Criticism of The Fifty Shades Trilogy: Smackdown Round-up

I refuse to accept that there are better things for me to do with my time than round up all the best criticism of Fifty Shades of Fail. I could be saving kittens from trees, probably. However, if I could I would use this post to raise money for all the women that end up in abusive relationships like the one described in Shades of Black and Blue. There are so many things awkwardly wrong with the Shades of Grey trilogy that it is almost obscenely delicious to kick it in the face, day after day after day. If this were a harmless, unknown book then perhaps it wouldn’t be quite so bad. But this horrendous crud must be outed for the dangerous shit it is, and nothing diminishes power faster than laughter. And GIFs.

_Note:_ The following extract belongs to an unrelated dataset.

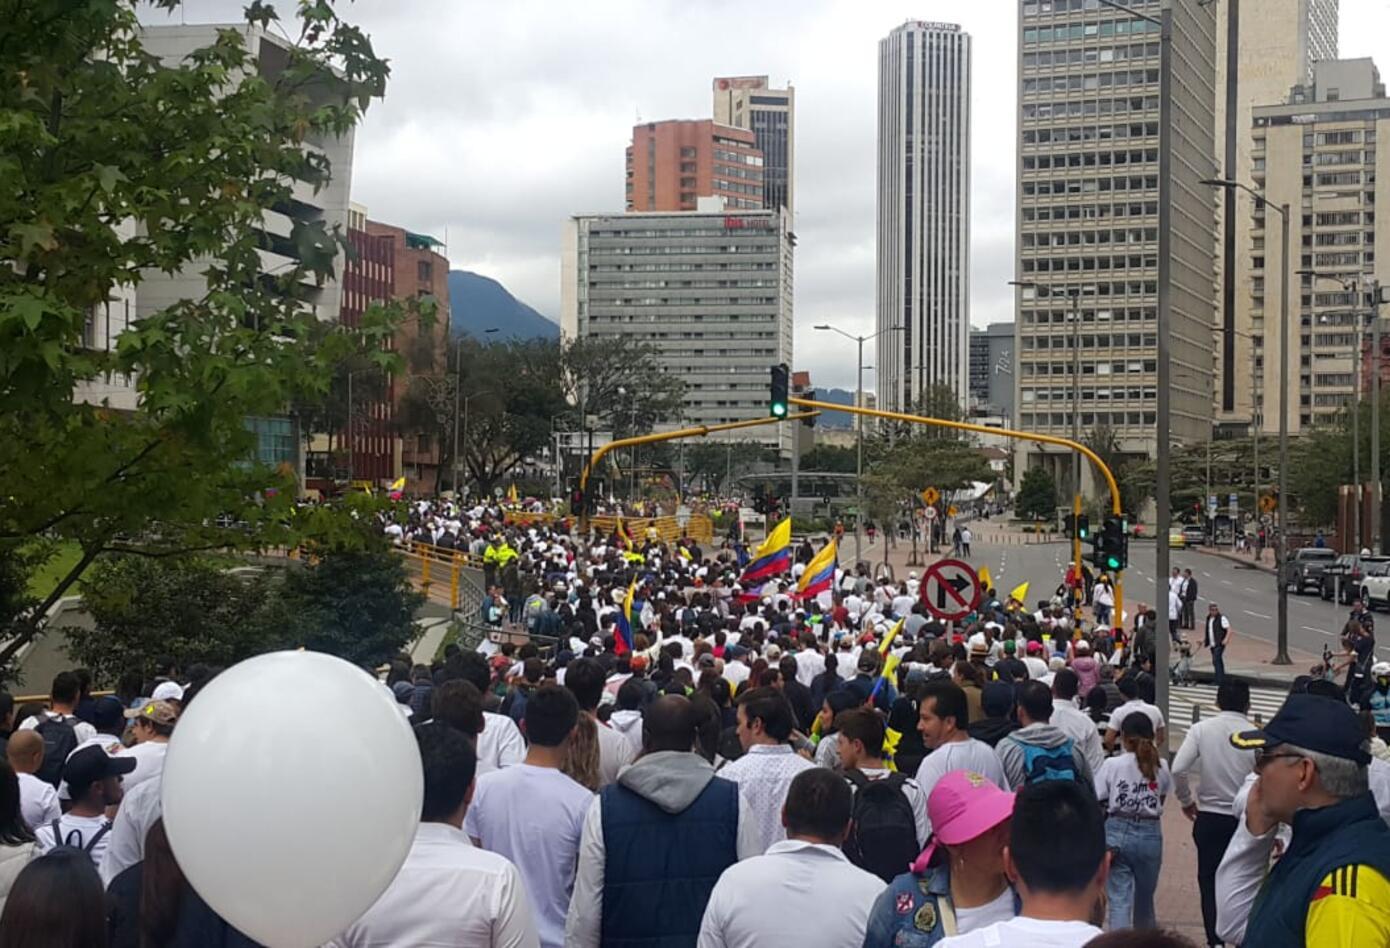 La bandera de Colombia acompañó a los marchantes que se pronunciaron contra el terrorismo.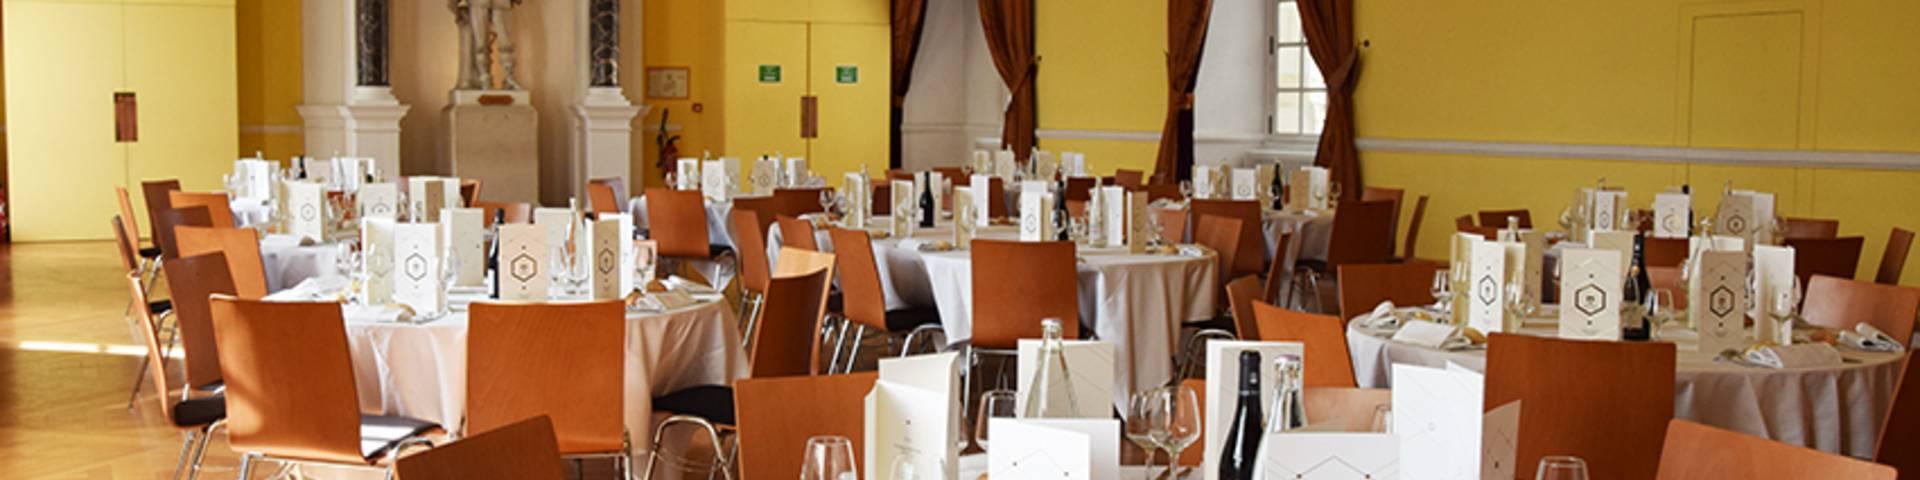 Almuerzo privado en el Castillo Real de Blois

Knowing that the fans who love it will never think otherwise, I have instead decided to share the best the internet has to offer the non-believers. Because the Shades trilogy has induced the kind of fanaticism the churches wish they still had, it is deserving of all the shame heaped upon it by the best and smartest of the internet. That this book has been considered uplifting for women is as offensive as it is misguided and therefore I am exonerated from any guilt.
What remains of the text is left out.